Ясные синие глаза Чарли весело блеснули, и чудесная улыбка обнажила его крепкие белые зубы.
– Боюсь, ты лишаешь себя истинных удовольствий. Знаешь, ведь молодость так коротка.
– Наверно. Но чего-то достичь в мире может только человек целеустремленный. Граф Честерфилд лучше всех сказал о занятии любовью: удовольствие мимолетное, положение смехотворное, а плата черт-те какая. Это природный инстинкт, и его невозможно в себе задавить, но жалок и глуп тот, кто позволит ему сбить себя с избранного пути. Мне это уже не грозит. Еще через несколько лет я начисто избавлюсь от этого искушения.
– А если вдруг в один прекрасный день ты влюбишься, неужели сумеешь себе это запретить? Такое ведь случается даже с самыми рассудительными людьми.
Саймон бросил на него странный, пожалуй, даже враждебный взгляд.
– Я вырву любовь из своего сердца, как выдернул бы изо рта гнилой зуб.
– Это легче сказать, чем сделать.
– Знаю. Все, что чего-то стоит, сделать нелегко, но такова одна из странностей человеческой природы: когда это касается самосохранения, когда нужно сделать что-то, от чего зависит само твое существование, нужные силы находятся.

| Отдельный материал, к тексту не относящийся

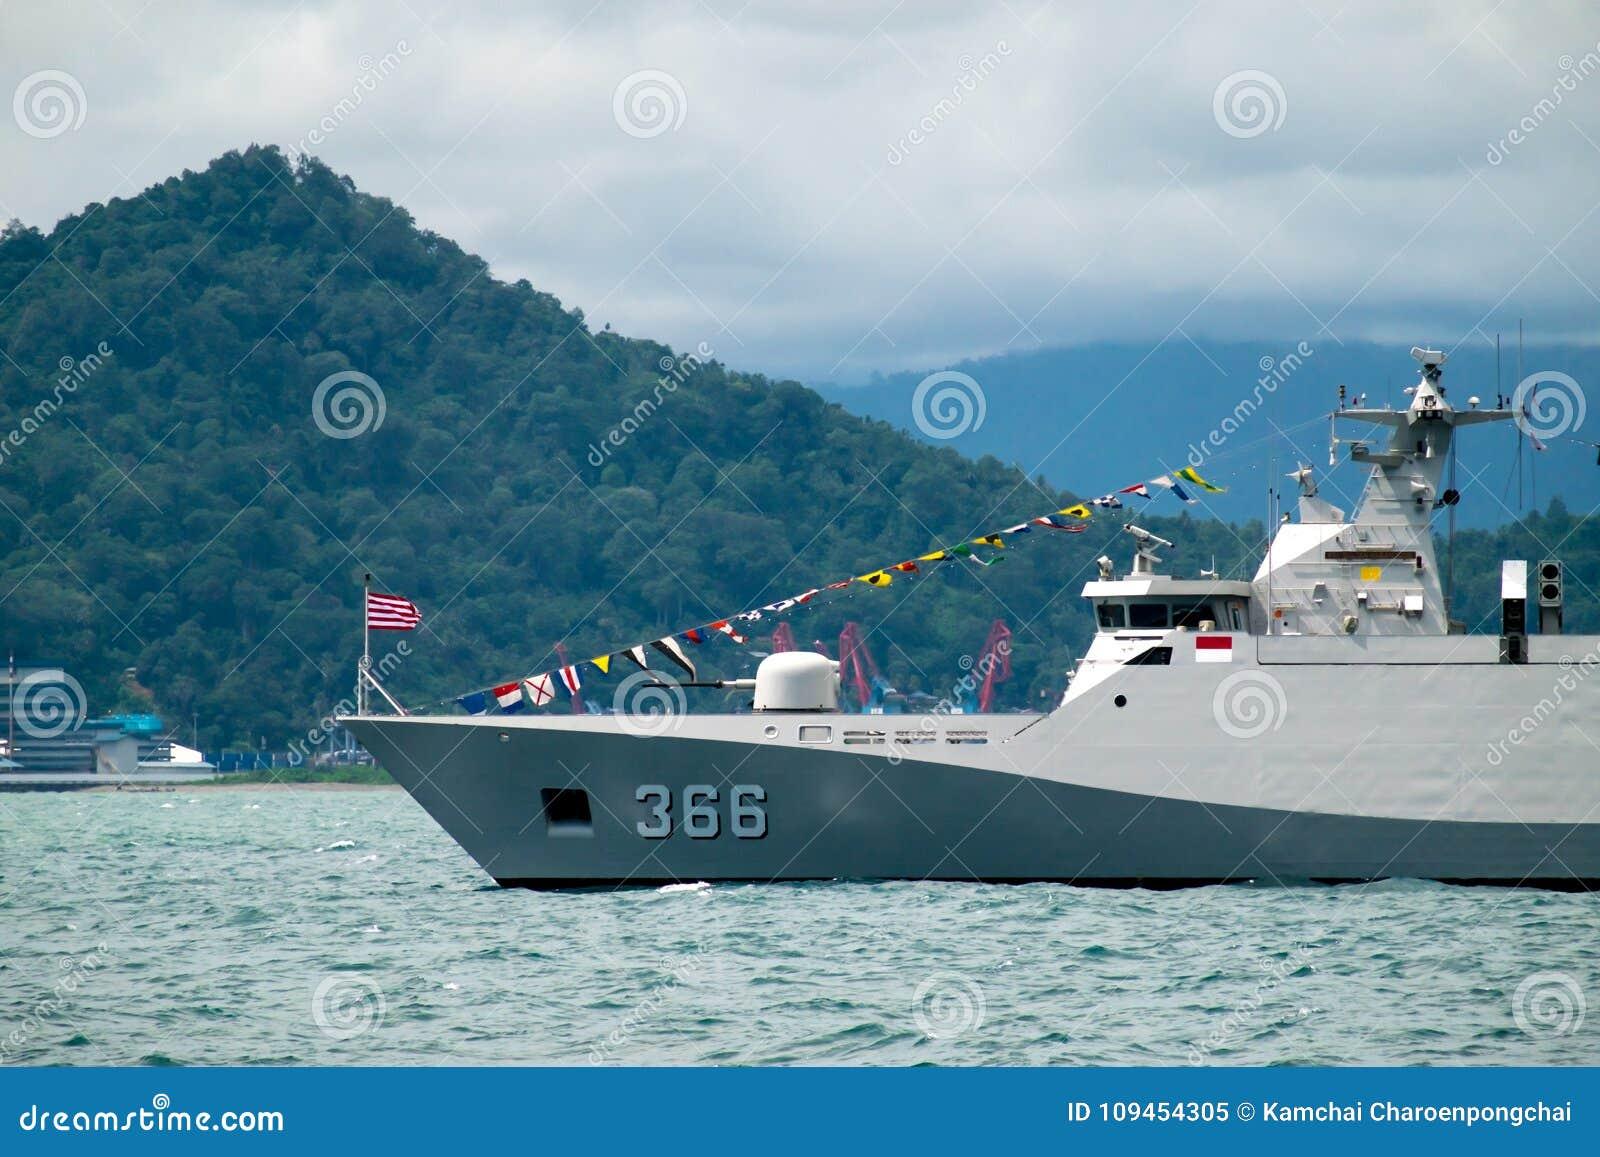 Κόλπος Padang, Ινδονησία, στις 13 Απριλίου 2016: Η φρεγάτα κατηγορίας σίγμα Hasanuddin σουλτάνων KRI του ναυτικού της Ινδονησίας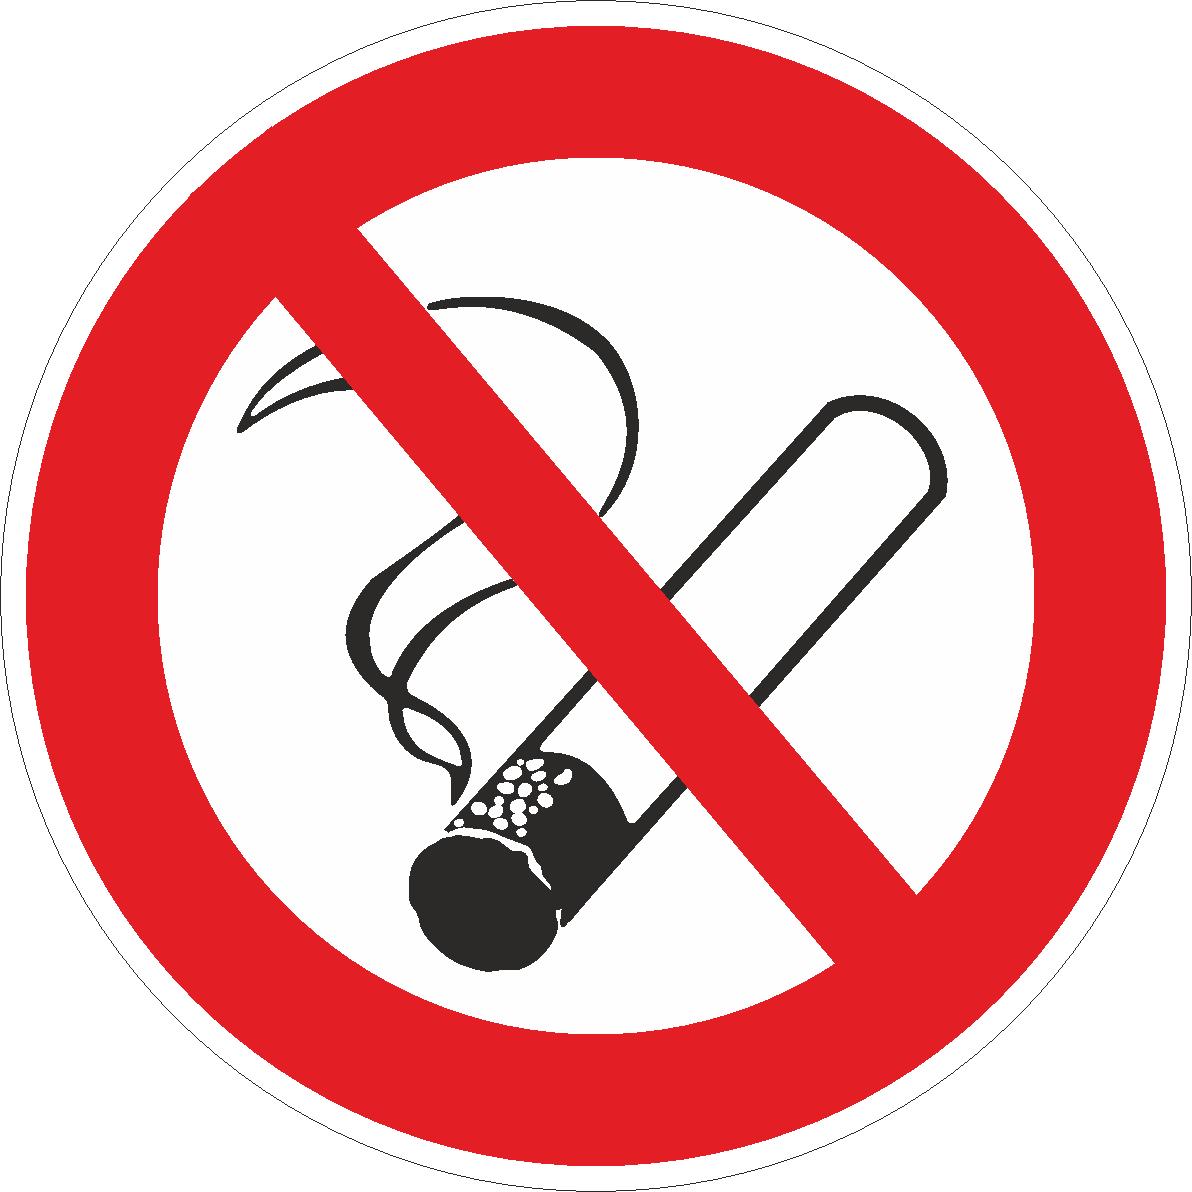 schild verbot hinweis zigarette rauchen verboten. Black Bedroom Furniture Sets. Home Design Ideas

Чарли промолчал. Если бы кто-нибудь другой говорил с ним как говорил в этот вечер Саймон, он счел бы это позой, желанием пустить пыль в глаза. За три года в Кембридже он наслушался вдоволь сумасбродных речей и при своем здравомыслии и спокойном юморе научился придавать им не больше значения, чем они того заслуживали. Но он знал, Саймон никогда не говорил, лишь бы поразить собеседника. Слишком он презирал мнение окружающих и ради того, чтобы вызвать у них восхищенье, не стал бы говорить не то, что думает. Он искренен и бесстрашен. Если он сказал, что думает то-то и то-то, без сомнения, так оно и есть, а если сказал, что поступил так или эдак, можно без колебаний ему поверить. Но и образ жизни Саймона, только что им описанный, показался Чарли ужасным и неестественным, и его идеи, изложенные столь подробно, что ясно было, как хорошо они продуманы, показались ему чудовищными и возмутительными. Он заметил, что Саймон избегал говорить о цели, ради которой столь сурово себя тренировал; но в Кембридже он был ярым коммунистом, и естественно было предположить, что он готовился сыграть роль в революции, которую все они тогда предвкушали в ближайшем будущем. Чарли, больше всего поглощенный искусством, слушал горячие споры, гремевшие в комнате Саймона, с интересом, но вовсе не чувствовал, будто это касается и его. Если бы ему пришлось высказать свой взгляд на предмет споров, о котором он никогда всерьез не задумывался, он согласился бы со своим отцом: что бы ни происходило на Континенте, а уж Англии-то коммунизм не грозит; от каши, которую заварили в России, толку явно нет; в мире всегда были и всегда будут богатые и бедные; английский рабочий слишком трезво мыслит, он не позволит безответственным агитаторам себя провести, и притом ему совсем неплохо живется.
А Саймон все говорил. Ему не терпелось высказаться, ведь долгие месяцы он держал свои соображения под спудом, и к тому же, сколько он себя помнил, он всегда делился с Чарли. Хотя его размышлениям была присуща редкая глубина – одно из величайших его достоинств, он увидел, что они обрели большую ясность и силу, когда он смог высказать их этому превосходному слушателю.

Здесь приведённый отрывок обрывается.